Najeela Shihab, saat memberikan materi tentang berkomunikasi mengenai isu negara dengan orang terdekat. Foto: Doc. Ibu-ibu kritis.

"Di Indonesia, komite seklah sulit dijalani karena orang tua berpikir, sekolah adalah untuk kesuksesan anaknya saja, bukan anak orang lain atau bahkan anak di Indonesia. Isu sosial itu yang harus diubah sejak awal," ujar Najeela.

Ada lagi pemikiran orang tua yang selalu benar dalam keluarga. Hal ini membuat anak sulit membedakan pesan dan kebenaran. Kalau kebenaran tidak perlu diperdebatkan, sedangkan pesan adalah sesuatu yang bisa dikritisi. Inilah yang membuat pikiran kritis anak tidak berkembang.

Dalam sesi akhir diskusi, Najelaa mengatakan pikiran kritis bisa dikembangkan dengan cara latihan. Ibu bisa memulai mempertanyakan informasi yang diterima anak dari sudut pandang berbeda. Misalnya ketika orang tua berbeda pendapat dengan si kecil, biarkan anak juga melihat bagaimana cara menyelesaikannya.

Para peserta diskusi "Ibu-ibu kritis". Foto: Doc. Ibu-ibu kritis.

"Kebanyakan orang tua yang memperlihatkan perbedaan pendapat di depan anak, tidak memperlihatkan percakapan saat berbaikan.
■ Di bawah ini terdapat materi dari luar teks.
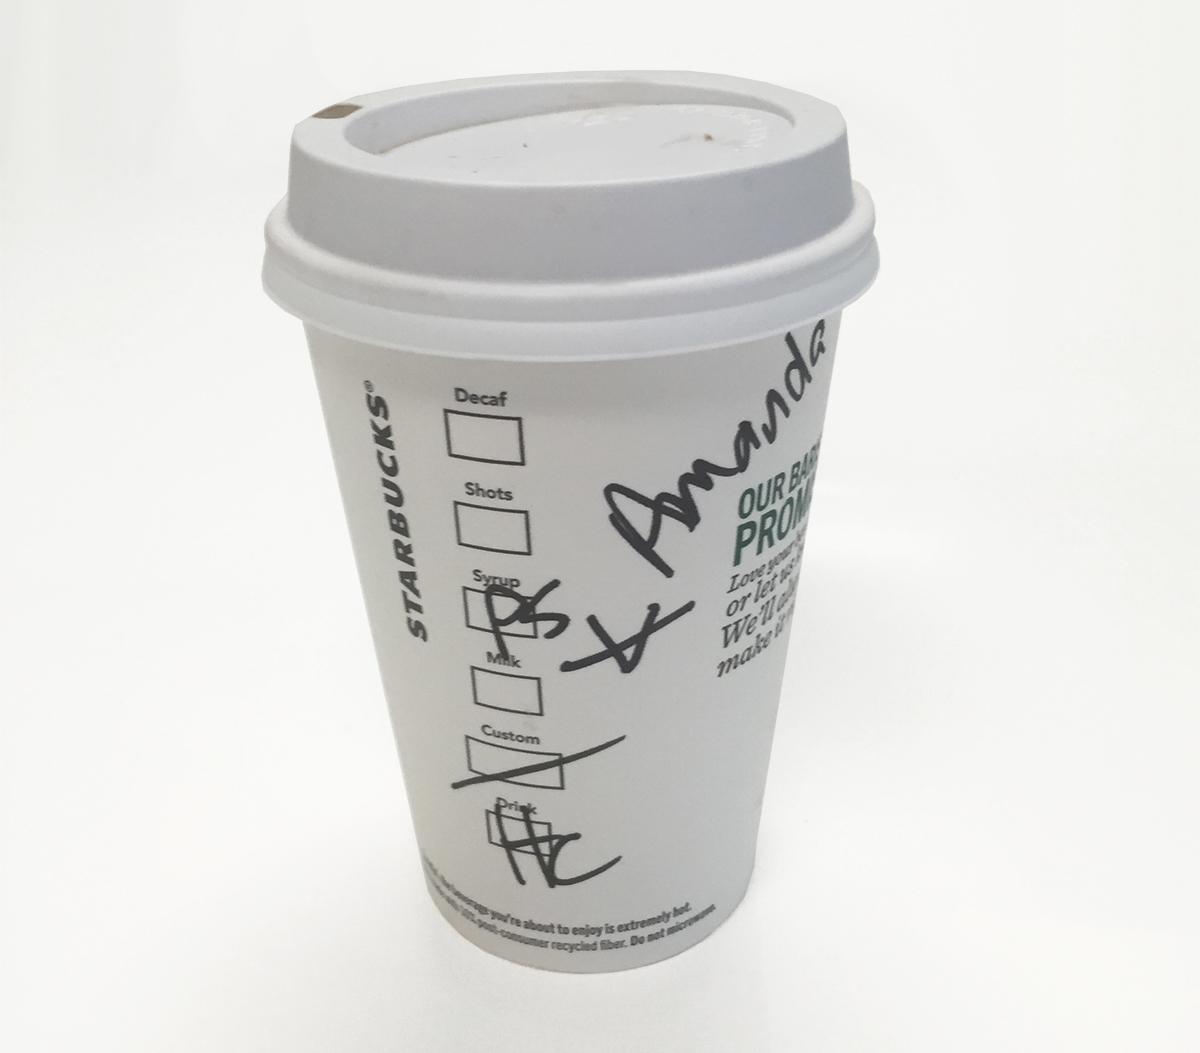 Starbucks pumpkin spice hot chocolate cup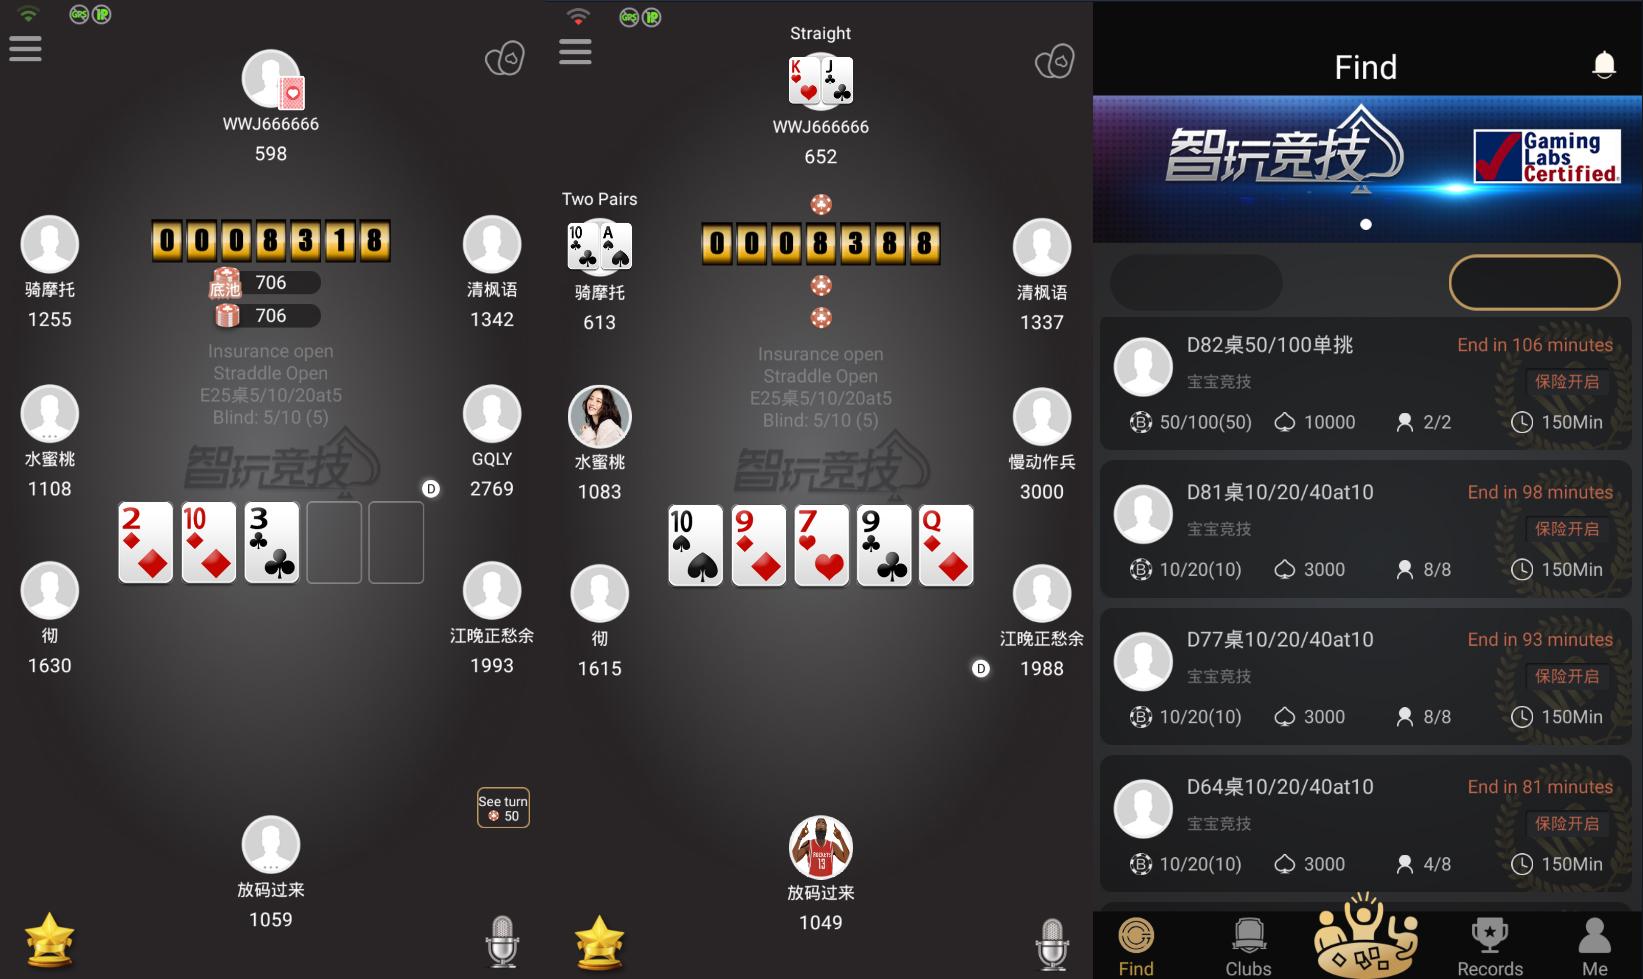 Pokerspades Lobby

Padahal mereka butuh juga melihat hal itu (menyelesaikan masalah). Lalu, ketika anak mendapat pesan yang bertentangan dari orang lain, dia bisa mempertanyakan hal itu. Itu sangat membantunya berpikir kritis," ujarnya.

Najelaa menekankan, untuk mulai menumbuhkan sikap kritis ibu bisa mencoba memperhatikan isu sosial di lingkungan sekitar dan mengubah cara berpikir yang hanya mementingkan anak saja. Bila belum bisa transparan dan adil ibu akan sulit berpikir kritis. Jadi Moms, bersikap kritis terhadap berbagai isu HAM, hukum dan politik ternyata juga bermanfaat untuk anak dan keluarga Anda.